[Dataset records]

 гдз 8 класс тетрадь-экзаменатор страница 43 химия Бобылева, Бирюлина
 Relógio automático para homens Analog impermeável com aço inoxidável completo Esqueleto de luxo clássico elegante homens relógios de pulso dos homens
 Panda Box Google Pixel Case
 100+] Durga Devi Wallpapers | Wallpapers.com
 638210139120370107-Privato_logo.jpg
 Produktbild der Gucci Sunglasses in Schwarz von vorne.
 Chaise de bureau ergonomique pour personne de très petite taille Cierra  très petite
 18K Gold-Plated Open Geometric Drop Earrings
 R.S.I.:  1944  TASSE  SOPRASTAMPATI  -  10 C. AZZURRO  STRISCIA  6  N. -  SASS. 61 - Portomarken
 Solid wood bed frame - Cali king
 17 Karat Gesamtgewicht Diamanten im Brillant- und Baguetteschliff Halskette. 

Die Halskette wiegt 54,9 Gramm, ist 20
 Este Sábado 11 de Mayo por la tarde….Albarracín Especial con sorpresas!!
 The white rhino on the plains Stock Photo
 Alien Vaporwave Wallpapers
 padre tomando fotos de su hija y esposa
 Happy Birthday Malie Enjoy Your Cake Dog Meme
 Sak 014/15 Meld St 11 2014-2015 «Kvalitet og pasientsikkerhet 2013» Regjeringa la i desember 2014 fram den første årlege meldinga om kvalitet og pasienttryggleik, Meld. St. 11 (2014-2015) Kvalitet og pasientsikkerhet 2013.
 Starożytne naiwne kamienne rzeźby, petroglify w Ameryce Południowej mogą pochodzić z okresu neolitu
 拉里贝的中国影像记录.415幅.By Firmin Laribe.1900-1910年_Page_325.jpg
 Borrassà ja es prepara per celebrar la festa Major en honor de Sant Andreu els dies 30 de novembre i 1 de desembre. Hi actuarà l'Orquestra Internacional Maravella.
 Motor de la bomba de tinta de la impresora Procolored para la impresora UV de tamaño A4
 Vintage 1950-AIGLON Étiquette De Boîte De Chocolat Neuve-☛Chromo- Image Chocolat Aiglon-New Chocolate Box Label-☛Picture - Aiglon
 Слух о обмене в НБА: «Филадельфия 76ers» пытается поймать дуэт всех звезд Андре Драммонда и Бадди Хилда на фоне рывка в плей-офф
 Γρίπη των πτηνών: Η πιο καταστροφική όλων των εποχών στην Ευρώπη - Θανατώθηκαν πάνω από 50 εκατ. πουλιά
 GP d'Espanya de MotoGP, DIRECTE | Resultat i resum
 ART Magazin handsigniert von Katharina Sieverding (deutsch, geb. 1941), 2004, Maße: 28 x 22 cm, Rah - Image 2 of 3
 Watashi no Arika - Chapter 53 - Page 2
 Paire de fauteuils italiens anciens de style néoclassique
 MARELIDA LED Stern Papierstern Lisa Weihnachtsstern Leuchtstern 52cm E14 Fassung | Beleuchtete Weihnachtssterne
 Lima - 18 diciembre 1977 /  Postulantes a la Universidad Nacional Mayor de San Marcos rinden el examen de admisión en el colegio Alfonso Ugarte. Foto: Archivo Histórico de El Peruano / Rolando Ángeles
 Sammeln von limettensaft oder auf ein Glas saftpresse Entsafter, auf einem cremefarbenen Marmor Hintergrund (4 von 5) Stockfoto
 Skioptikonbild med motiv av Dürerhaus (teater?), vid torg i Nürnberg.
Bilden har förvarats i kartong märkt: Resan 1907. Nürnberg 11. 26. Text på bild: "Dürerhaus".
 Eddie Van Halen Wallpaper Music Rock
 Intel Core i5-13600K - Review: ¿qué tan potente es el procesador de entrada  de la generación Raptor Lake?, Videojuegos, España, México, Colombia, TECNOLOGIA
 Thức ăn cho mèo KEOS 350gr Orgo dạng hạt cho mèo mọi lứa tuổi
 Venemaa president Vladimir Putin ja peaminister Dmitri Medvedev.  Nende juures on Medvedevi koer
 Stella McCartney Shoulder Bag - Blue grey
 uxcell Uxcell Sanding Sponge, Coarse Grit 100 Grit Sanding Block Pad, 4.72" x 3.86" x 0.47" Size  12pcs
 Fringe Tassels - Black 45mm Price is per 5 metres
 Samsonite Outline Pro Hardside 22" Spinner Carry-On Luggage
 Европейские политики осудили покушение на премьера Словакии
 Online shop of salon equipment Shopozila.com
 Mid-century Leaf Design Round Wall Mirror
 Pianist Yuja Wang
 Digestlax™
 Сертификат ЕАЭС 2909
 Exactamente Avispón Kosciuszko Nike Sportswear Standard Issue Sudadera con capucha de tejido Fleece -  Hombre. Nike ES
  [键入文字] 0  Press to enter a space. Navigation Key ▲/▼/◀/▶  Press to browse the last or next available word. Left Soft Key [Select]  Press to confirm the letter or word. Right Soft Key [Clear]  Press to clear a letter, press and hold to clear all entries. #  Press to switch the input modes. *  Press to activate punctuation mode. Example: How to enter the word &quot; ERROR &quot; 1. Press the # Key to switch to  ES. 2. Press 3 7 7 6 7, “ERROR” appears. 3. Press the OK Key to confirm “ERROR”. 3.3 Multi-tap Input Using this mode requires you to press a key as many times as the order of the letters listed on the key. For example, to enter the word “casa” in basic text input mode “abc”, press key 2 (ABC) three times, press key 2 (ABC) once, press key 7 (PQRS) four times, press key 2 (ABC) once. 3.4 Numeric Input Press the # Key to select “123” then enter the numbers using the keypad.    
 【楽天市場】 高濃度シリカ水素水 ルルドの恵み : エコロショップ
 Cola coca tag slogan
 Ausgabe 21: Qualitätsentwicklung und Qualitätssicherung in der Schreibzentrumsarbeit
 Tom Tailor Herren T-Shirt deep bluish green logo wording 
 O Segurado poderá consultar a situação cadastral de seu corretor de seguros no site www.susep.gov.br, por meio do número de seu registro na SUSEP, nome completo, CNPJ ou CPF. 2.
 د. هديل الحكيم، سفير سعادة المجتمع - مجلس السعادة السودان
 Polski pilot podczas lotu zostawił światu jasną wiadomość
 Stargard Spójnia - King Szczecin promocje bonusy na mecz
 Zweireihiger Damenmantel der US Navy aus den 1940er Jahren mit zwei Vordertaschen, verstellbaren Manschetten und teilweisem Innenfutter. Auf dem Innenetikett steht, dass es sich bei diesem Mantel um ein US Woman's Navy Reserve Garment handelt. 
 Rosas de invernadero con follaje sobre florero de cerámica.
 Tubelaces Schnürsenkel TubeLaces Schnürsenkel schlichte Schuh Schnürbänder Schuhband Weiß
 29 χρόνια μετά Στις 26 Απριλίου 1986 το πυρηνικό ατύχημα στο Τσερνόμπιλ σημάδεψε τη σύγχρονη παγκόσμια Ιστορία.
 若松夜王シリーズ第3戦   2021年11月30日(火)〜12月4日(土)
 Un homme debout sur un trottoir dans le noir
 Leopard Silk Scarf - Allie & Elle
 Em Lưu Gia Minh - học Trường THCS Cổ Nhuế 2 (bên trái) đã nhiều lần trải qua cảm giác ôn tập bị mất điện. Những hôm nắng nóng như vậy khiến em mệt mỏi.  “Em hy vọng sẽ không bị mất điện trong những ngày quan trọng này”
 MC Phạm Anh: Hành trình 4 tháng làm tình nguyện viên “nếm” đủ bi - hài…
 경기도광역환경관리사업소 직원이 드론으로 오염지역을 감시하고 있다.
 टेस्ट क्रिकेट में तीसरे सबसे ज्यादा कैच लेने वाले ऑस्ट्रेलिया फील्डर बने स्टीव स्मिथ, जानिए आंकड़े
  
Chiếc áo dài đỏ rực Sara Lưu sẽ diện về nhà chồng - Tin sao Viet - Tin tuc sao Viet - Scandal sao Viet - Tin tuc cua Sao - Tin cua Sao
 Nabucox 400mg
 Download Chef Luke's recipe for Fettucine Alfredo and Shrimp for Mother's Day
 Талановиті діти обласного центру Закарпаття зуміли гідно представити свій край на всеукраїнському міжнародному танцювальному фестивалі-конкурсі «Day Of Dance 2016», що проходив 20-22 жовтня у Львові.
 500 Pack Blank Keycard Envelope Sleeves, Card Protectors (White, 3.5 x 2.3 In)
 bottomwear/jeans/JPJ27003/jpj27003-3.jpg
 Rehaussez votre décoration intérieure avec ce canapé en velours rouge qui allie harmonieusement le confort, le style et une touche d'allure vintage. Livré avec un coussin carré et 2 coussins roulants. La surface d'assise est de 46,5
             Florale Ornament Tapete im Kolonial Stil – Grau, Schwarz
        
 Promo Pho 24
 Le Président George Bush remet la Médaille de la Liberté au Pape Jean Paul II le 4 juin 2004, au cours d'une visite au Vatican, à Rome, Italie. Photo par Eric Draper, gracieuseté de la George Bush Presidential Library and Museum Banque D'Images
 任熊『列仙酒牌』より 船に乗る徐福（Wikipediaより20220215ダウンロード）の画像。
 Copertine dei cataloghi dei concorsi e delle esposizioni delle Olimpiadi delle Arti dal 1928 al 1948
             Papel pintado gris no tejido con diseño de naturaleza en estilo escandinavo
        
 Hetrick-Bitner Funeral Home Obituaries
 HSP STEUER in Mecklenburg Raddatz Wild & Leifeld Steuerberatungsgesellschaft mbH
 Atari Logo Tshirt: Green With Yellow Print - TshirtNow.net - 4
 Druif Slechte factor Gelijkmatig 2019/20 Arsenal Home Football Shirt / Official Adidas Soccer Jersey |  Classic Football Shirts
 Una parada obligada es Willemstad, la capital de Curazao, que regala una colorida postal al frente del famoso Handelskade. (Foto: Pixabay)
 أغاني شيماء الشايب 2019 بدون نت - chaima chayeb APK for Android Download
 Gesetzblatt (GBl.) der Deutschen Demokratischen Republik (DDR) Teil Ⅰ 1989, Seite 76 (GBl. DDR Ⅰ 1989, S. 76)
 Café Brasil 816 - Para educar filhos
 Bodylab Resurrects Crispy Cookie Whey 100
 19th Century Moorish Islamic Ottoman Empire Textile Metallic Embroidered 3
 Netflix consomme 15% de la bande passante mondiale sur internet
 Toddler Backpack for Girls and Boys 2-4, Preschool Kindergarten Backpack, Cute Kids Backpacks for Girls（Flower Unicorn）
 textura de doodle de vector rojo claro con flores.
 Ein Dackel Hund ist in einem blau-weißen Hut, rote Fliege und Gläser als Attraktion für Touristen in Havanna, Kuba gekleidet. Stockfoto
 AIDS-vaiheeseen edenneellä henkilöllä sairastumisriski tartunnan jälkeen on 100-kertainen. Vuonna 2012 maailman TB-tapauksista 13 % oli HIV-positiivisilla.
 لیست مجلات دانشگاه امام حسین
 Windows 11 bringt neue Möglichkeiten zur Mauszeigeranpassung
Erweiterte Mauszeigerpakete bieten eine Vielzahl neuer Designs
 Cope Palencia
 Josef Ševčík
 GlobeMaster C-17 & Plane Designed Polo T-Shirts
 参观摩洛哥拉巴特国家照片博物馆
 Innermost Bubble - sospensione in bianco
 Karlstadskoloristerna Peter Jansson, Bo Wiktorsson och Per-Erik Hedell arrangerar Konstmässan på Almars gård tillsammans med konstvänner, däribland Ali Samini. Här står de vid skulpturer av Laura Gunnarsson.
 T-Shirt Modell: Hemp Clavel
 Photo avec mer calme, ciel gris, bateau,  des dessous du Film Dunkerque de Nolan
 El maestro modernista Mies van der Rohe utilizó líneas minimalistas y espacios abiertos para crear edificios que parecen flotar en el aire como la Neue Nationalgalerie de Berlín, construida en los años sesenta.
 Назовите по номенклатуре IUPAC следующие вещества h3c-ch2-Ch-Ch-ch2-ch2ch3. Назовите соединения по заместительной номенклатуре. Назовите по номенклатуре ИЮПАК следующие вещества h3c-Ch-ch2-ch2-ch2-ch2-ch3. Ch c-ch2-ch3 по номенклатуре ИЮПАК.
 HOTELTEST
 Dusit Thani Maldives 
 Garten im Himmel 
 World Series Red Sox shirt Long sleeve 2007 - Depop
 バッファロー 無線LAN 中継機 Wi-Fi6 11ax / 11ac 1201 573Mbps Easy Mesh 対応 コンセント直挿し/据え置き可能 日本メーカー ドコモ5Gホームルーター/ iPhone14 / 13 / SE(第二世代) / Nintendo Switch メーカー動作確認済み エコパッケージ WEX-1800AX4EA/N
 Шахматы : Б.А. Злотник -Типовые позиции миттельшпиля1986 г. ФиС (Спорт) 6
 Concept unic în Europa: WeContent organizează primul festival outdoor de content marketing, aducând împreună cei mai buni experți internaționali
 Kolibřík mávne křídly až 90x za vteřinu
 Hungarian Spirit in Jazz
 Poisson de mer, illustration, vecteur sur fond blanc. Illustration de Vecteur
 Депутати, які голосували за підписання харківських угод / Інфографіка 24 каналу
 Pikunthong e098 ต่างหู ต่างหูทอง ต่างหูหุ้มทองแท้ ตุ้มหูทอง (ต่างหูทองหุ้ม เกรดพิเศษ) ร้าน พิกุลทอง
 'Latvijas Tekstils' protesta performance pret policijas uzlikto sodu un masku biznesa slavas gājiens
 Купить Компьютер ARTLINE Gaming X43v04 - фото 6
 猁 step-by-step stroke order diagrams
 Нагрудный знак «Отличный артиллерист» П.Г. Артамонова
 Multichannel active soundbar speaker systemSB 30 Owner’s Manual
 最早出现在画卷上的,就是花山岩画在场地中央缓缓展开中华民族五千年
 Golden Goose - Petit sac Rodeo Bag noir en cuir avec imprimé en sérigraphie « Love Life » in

* _WHAT IS REQUIRED_
Extract from the records above the lines from the one containing "Erweiterte Mauszeigerpakete bieten" to the one containing "T-Shirt Modell: Hemp Clavel", both lines included, exactly as they appear and with nothing else.

* _RESULT_
Erweiterte Mauszeigerpakete bieten eine Vielzahl neuer Designs
 Cope Palencia
 Josef Ševčík
 GlobeMaster C-17 & Plane Designed Polo T-Shirts
 参观摩洛哥拉巴特国家照片博物馆
 Innermost Bubble - sospensione in bianco
 Karlstadskoloristerna Peter Jansson, Bo Wiktorsson och Per-Erik Hedell arrangerar Konstmässan på Almars gård tillsammans med konstvänner, däribland Ali Samini. Här står de vid skulpturer av Laura Gunnarsson.
 T-Shirt Modell: Hemp Clavel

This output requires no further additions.